What they need is a new adventure. That comes in the form of Briar Rose, determined to Have What She Wants. Specifically: Liam. She also has this diabolical plan to conquer and rule ALL of the thirteen kingdoms, and is using the League as a means to her ends. Of course she's not the only "bad guy": the Bandit King is back, as King of Rauberia and there's an even badder guy in town: the Warlord of Dar. How will the League of Princes handle this?
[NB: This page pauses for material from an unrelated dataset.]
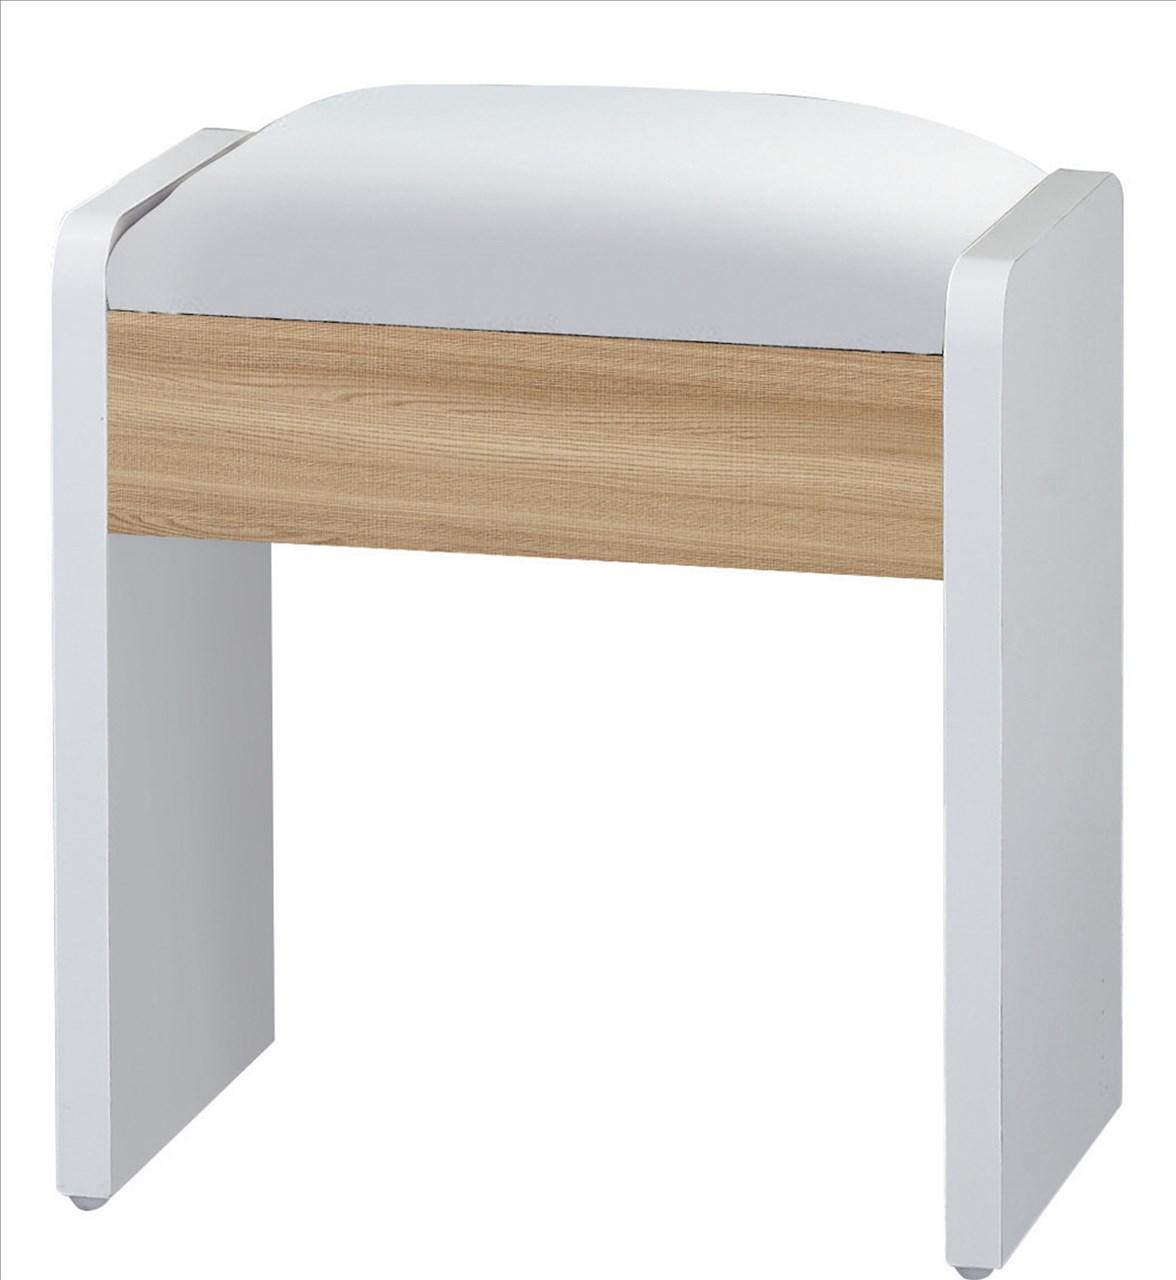 【石川家居】GD-477-5 艾美爾系統 北美橡木 化妝椅(單)(不含其他商品) 台中以北搭配車趟免運

Well, much like they do in the first book: with of silliness, laughs, luck, and heart. Yeah, sure, this is more of the same as the first book, but why mess with a good thing? I loved the characters (A has a soft spot for Duncan), and the situations were so over-the-top it was endearing rather than off-putting. The chapter titles were ridiculous, as were the "book" quotes underneath. (My favorite? "There is no I in League of Princes.") I loved how the girls held their own with the guys, and how everyone (even Frederic!) found their strengths and used them to help them achieve their ends. It really was a team effort, and I appreciated that. Oh, and I should give a brief but heartfelt nod to the illustrations, which really are delightful.
The story's not done, either. While the story wrapped up (yay!), Healy left us with a bit of a cliffhanger, which only serves to make me eager for the next installment of the League of Princes.
(And, as a quick follow up to my concern: I do think that this one is something both boys and girls are reading. Which makes me very happy.)